This week, I'm turning my space over to a good friend and former roommate, Army LTC Robert Bateman, who recently completed a yearlong tour of duty in Iraq and is now back at the Pentagon.
Here's LTC Bateman's account of a little-known ceremony that fills the halls of the Army corridor of the Pentagon with cheers, applause and many tears every Friday morning. It first appeared on May 17 on the Weblog of media critic and pundit Eric Alterman at the Media Matters for America Website.
It is 110 yards from the "E" ring to the "A" ring of the Pentagon. This section of the Pentagon is newly renovated; the floors shine, the hallway is broad, and the lighting is bright. At this instant the entire length of the corridor is packed with officers, a few sergeants and some civilians, all crammed tightly three and four deep against the walls. There are thousands here.
This hallway, more than any other, is the "Army" hallway. The G3 offices line one side, G2 the other, G8 is around the corner all Army. Moderate conversations flow in a low buzz. Friends who may not have seen each other for a few weeks, or a few years, spot each other, cross the way and renew friendships.
Everyone shifts to ensure an open path remains down the center. The air conditioning system was not designed for this press of bodies in this area. The temperature is rising already. Nobody cares. 10:36 hours: The clapping starts at the E-Ring. That is the outermost of the five rings of the Pentagon and it is closest to the entrance to the building. This clapping is low, sustained, hearty. It is applause with a deep emotion behind it as it moves forward in a wave down the length of the hallway.
A steady rolling wave of sound it is, moving at the pace of the soldier in the wheelchair who marks the forward edge with his presence. He is the first. He is missing the greater part of one leg, and some of his wounds are still suppurating. By his age I expect that he is a private, or perhaps a private first class.
Captains, Majors, Lieutenant Colonels and Colonels meet his gaze and nod as they applaud, soldier to soldier. Three years ago when I described one of these events, those lining the hallways were somewhat different. The applause a little wilder, perhaps in private guilt for not having shared in the burden...yet.
Now almost everyone lining the hallway is, like the man in the wheelchair, also a combat veteran. This steadies the applause, but I think deepens the sentiment. We have all been there now. The soldier's chair is pushed by, I believe, a full Colonel.
Behind him, and stretching the length from Rings E to A, come more of his peers, each Private, Corporal, or Sergeant assisted as need be by a field grade officer.
11:00 hours: Twenty-four minutes of steady applause. My hands hurt, and I laugh to myself at how stupid that sounds in my own head. "My hands hurt"! Please! Shut up and clap. For twenty-four minutes, soldier after soldier has come down this hallway - only 30 or 40 legs come with them, and perhaps only 30 or 40 hands or arms, but down this hall came 30 solid hearts. There should have been 60 legs, 60 arms and 60 hands. Some were left in Iraq or Afghanistan.

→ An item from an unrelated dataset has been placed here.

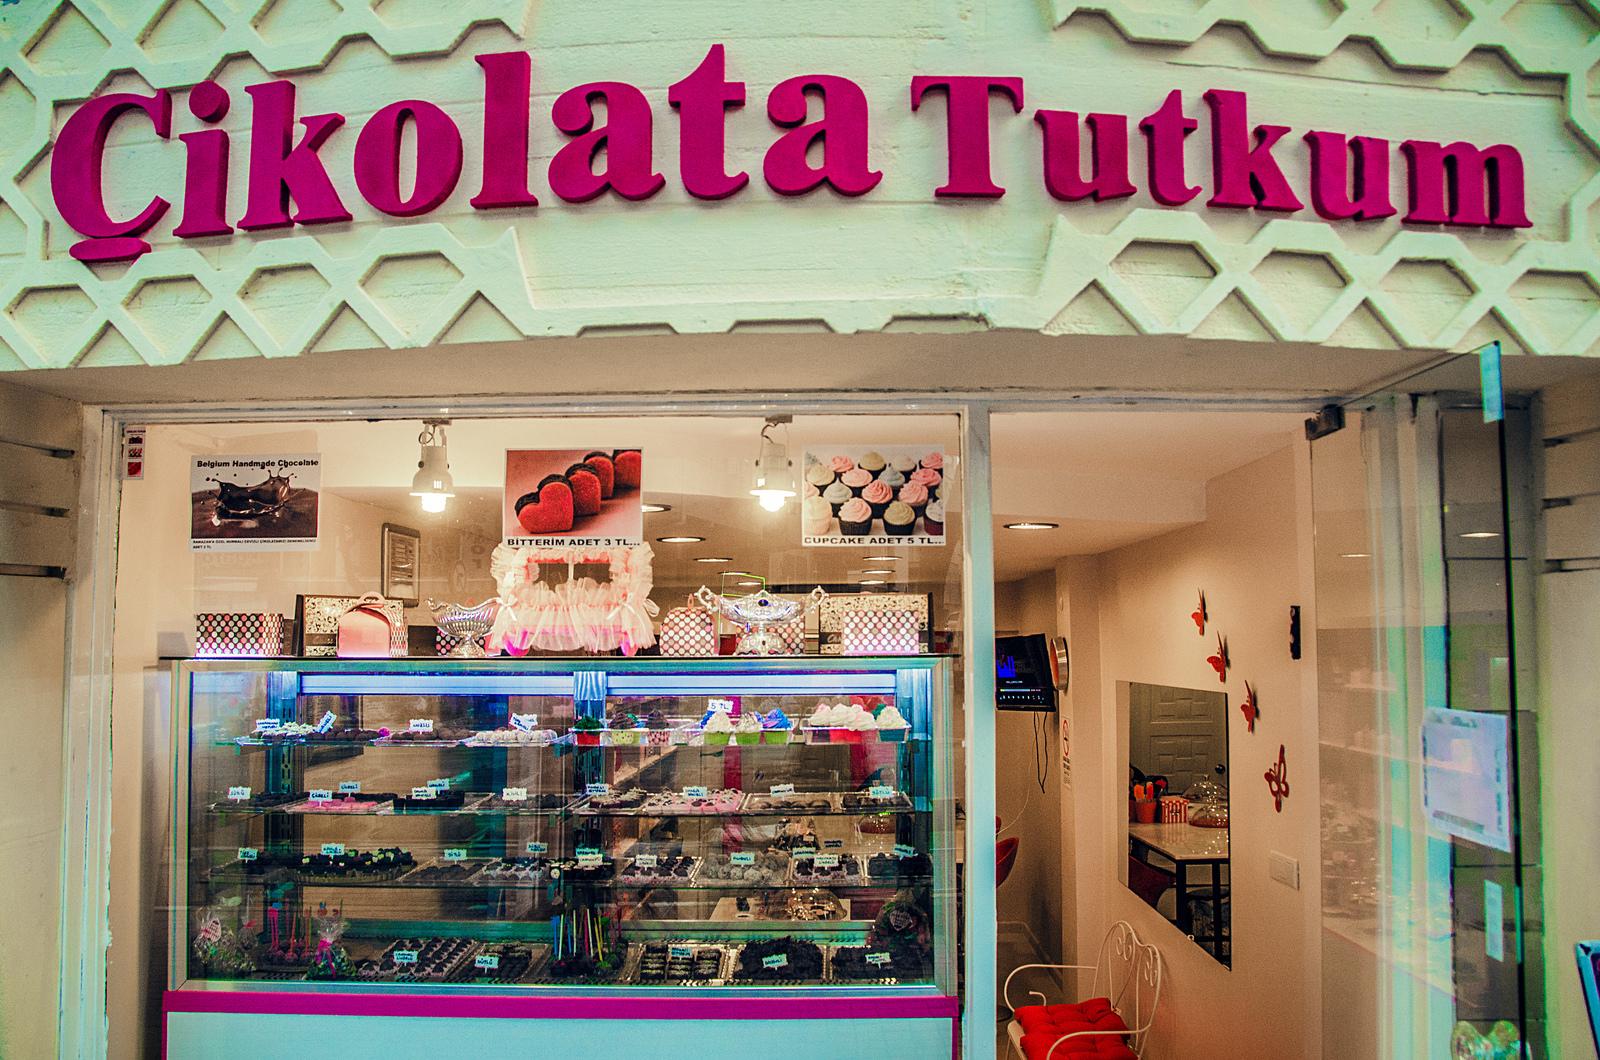 A photo of the Çikolata Tutkum shopfront.
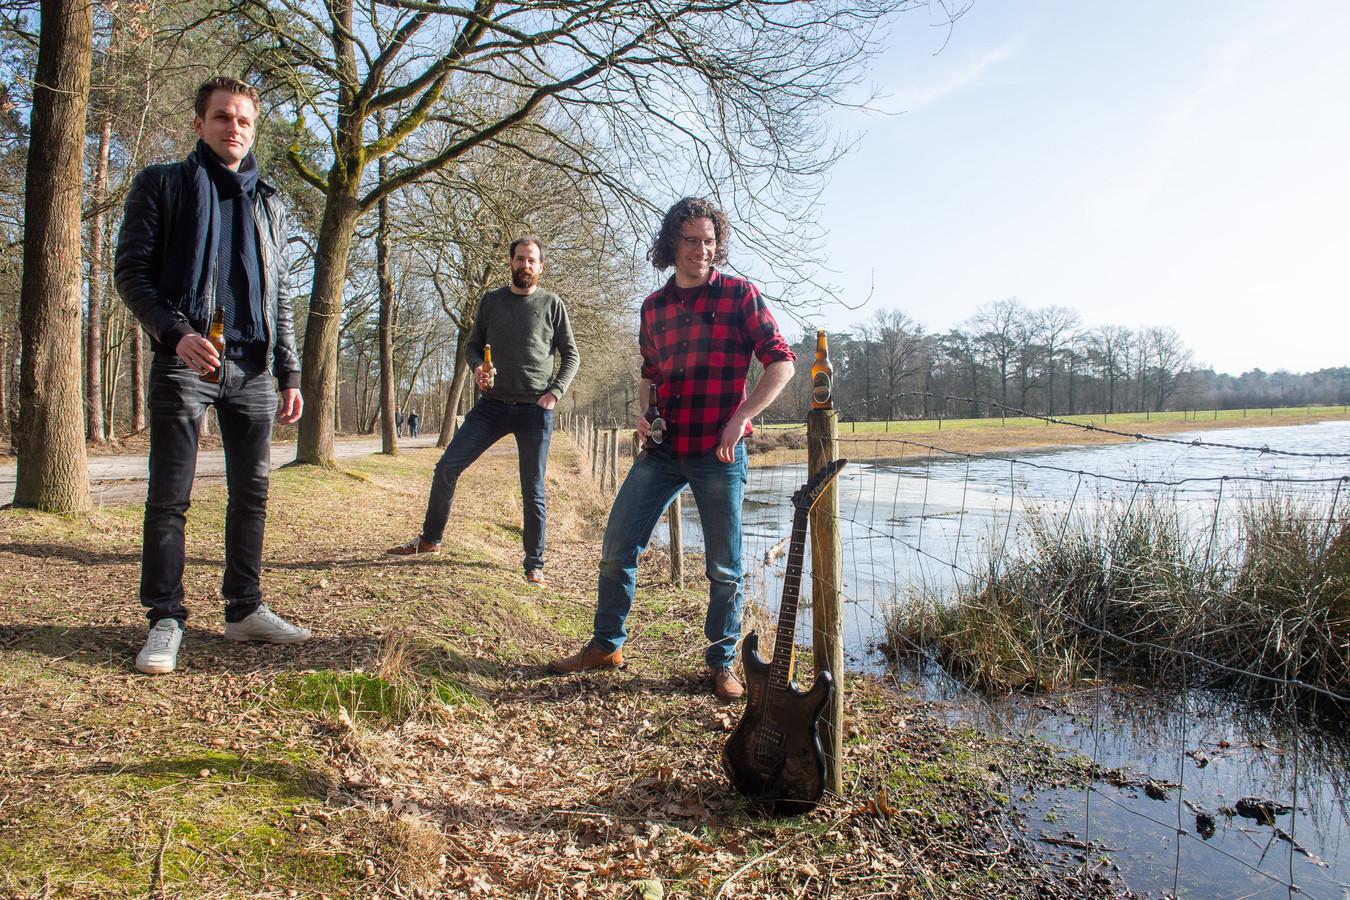 Vlnr Hein Verstappen, Daan van Grimbergen en Jules Calis bij de gitaar van Seppo van Merkom. Dit is de plek in het Mastbos waar zij de herinnering aan Seppo levend houden.

They pass down this corridor of officers and applause, and then meet for a private lunch, at which they are the guests of honor, hosted by the Generals. Some are wheeled along. Some insist upon getting out of their chairs, to march as best they can with their chin held up, down this hallway, through this most unique audience. Some are catching handshakes and smiling like a politician at a Fourth of July parade. More than a couple of them seem amazed and are smiling shyly.
There are families with them as well: the 18-year-old war bride pushing her 19-year-old husband's wheelchair and not quite understanding why her husband is so affected by this; the boy she grew up with, now a man, who had never shed a tear is crying; the older immigrant Latino parents who have, perhaps more than their wounded mid-20s son, an appreciation for the emotion given on their son's behalf. No man in that hallway, walking or clapping, is ashamed by the silent tears on more than a few cheeks. An Airborne Ranger wipes his eyes only to better see. A couple of the officers in this crowd have themselves been a part of this parade in the past.
These are our men, broken in body they may be, but not in spirit. They are our brothers, and we welcome them home. This parade has gone on, every single Friday, all year long, for more than four years.
Did you know that?
GOD BLESSES AMERICA! GOD BLESSES OUR TROOPS!
/s/ LeRoy Collins, Jr.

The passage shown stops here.